Dzisiaj kurier mi przyniósł pierdolone kwiatki! Kwiatki, czaicie?! Czy ja mu wyglądam na kobietę? Nie mam cycków, ani odstającego tyłka, więc o co mu chodzi? Chociaż, Lou ma odstający tyłek i nikt go nie nazywa kobietą, więc cofam to. W sumie mógłbym zabić za jego dupę. Zayn i jego przemyślenia.

- Zayn! Słuchasz mnie? - z rozmyślań wybudza mnie mocne uderzenie w ramię.

- Sory, Lou, co mówiłeś? - posyłam mu przepraszający uśmiech i pocieram bolące miejsce. Niby taki delikatny, niewinny, a przywalić potrafi. Mała menda.

- Harry za chwilę przyjdzie...

- To normalka od jakiegoś tygodnia. - wzruszam ramionami.

- Nie przerywaj mi. Z Harry'm przyjdzie Liam. Nawet mi nie przerywaj! - ostrzega, widząc, że otwieram usta, aby coś powiedzieć. Zamyka mnie groźne spojrzenie jakie mi posyła. - Masz z nim porozmawiać, rozumiesz? I nie chcę słyszeć słowa sprzeciwu.

- Skoro mam się nie sprzeciwiać, to czemu pytasz czy rozumiem. - przewracam oczami.

I dosłownie chwilę później słyszymy dzwonek do drzwi.

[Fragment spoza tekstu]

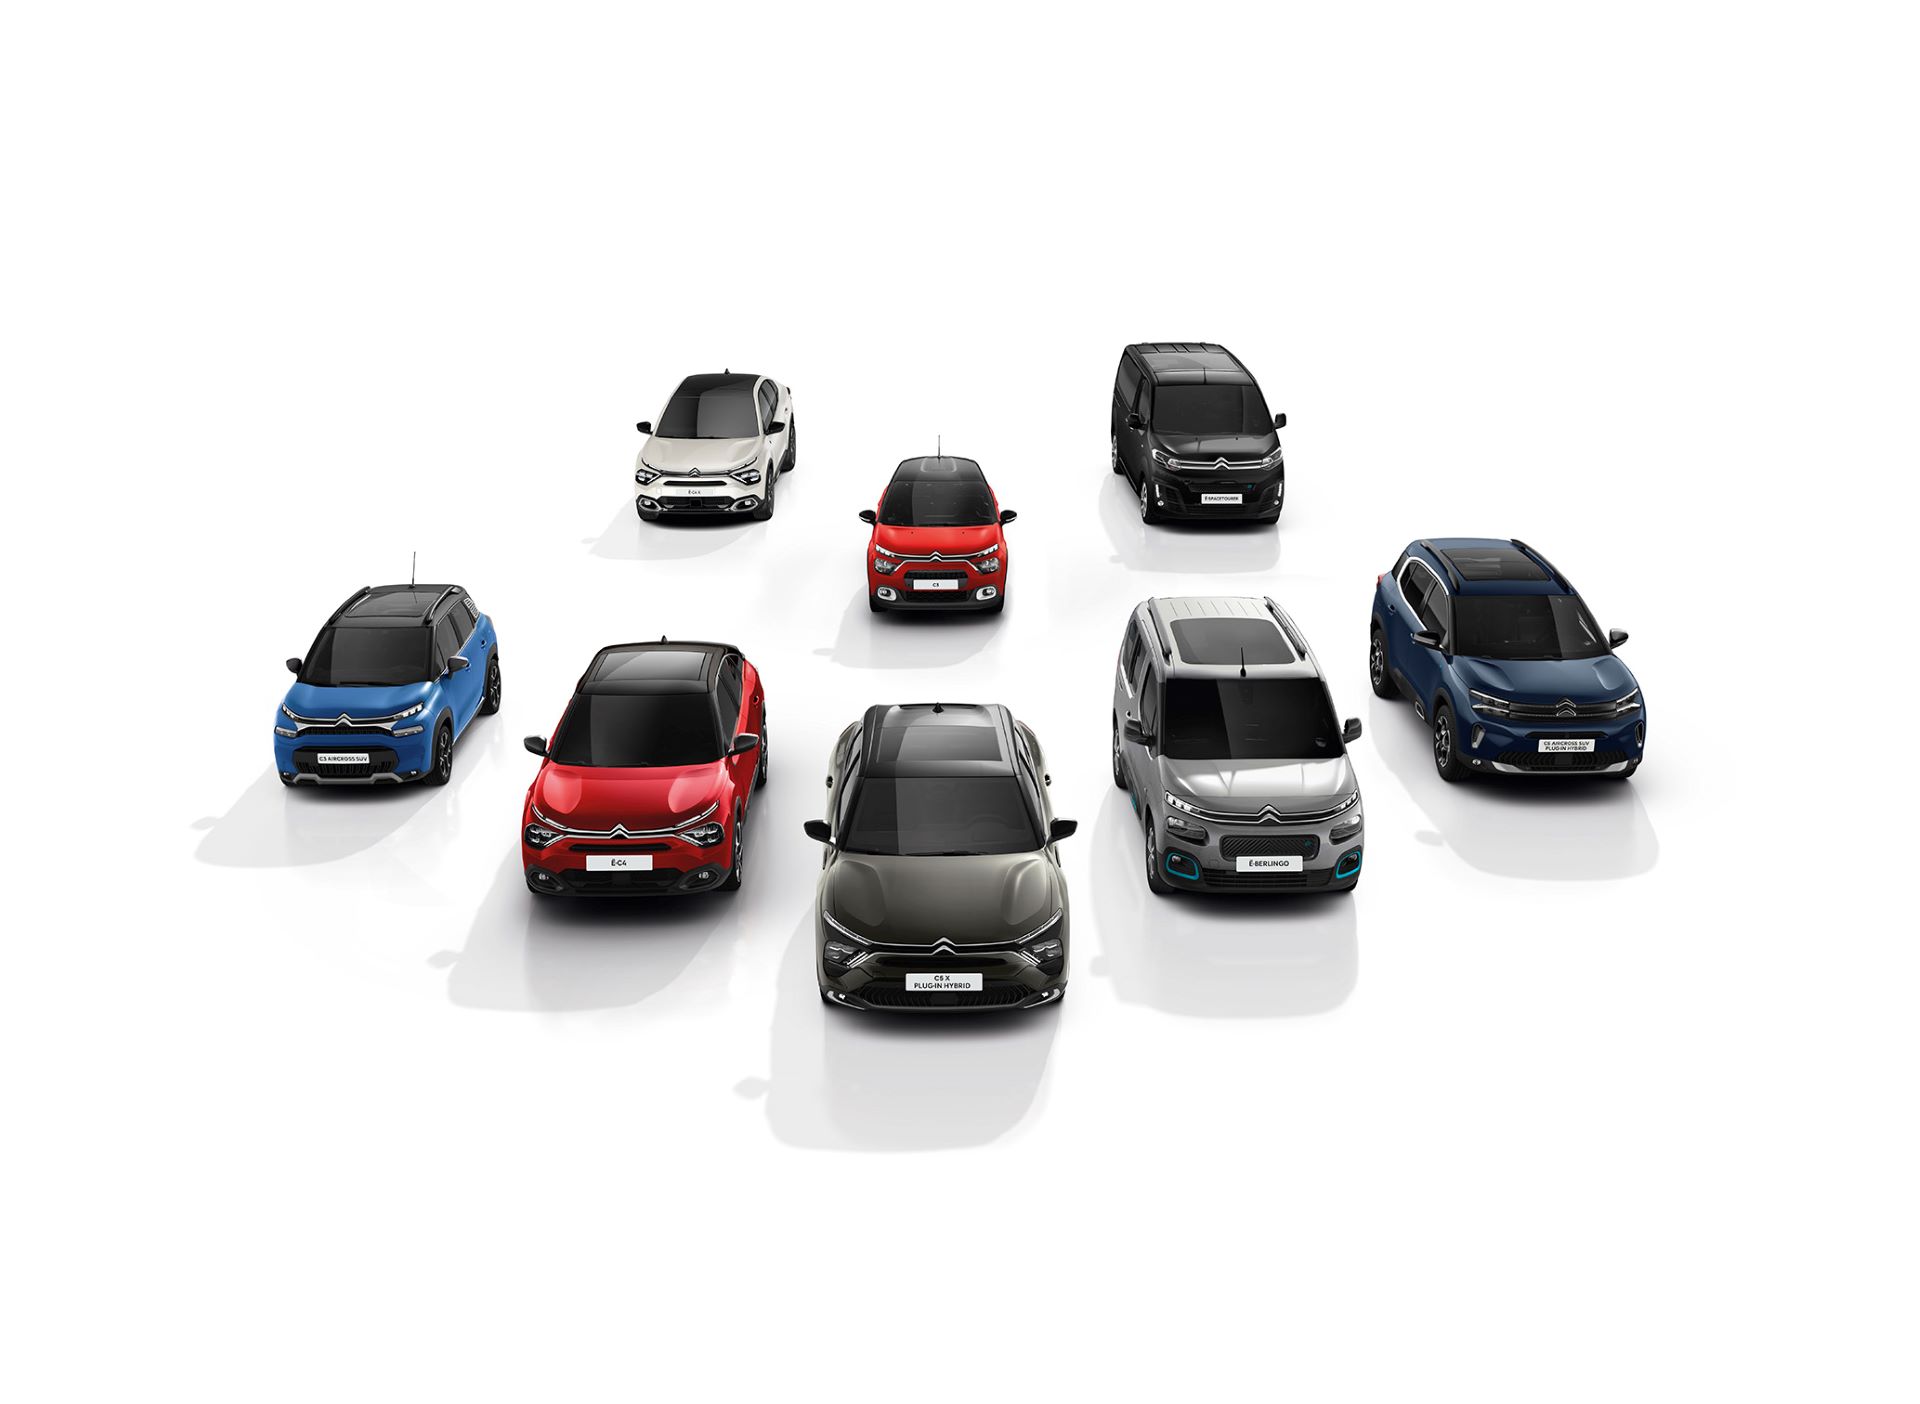 Citroen Redefines Its Range For An Easier Purchasing Process And Better Customer Experience

- Otwórz. - rozkazuje i idzie do kuchni.

Wystawiam do jego pleców środkowy palec i wstaje z kanapy. Podchodzę do drzwi i zamaszystym ruchem je otwieram. Oh i te cholerne kule, bez których nigdzie bym nie zaszedł.

- Cześć, Harry.

- Siemka, Zi. Louis w kuchni?

- Jak zawsze. - uśmiecham się lekko w jego stronę.

Biegnie szybko do kuchni i mogę się założyć, że w tym momencie się całują. Harry dwa dni temu poprosił Lou o chodzenie i to było tak cholernie niespodziewane, bo zrobił to, kiedy siedzieliśmy w salonie oglądając telewizor.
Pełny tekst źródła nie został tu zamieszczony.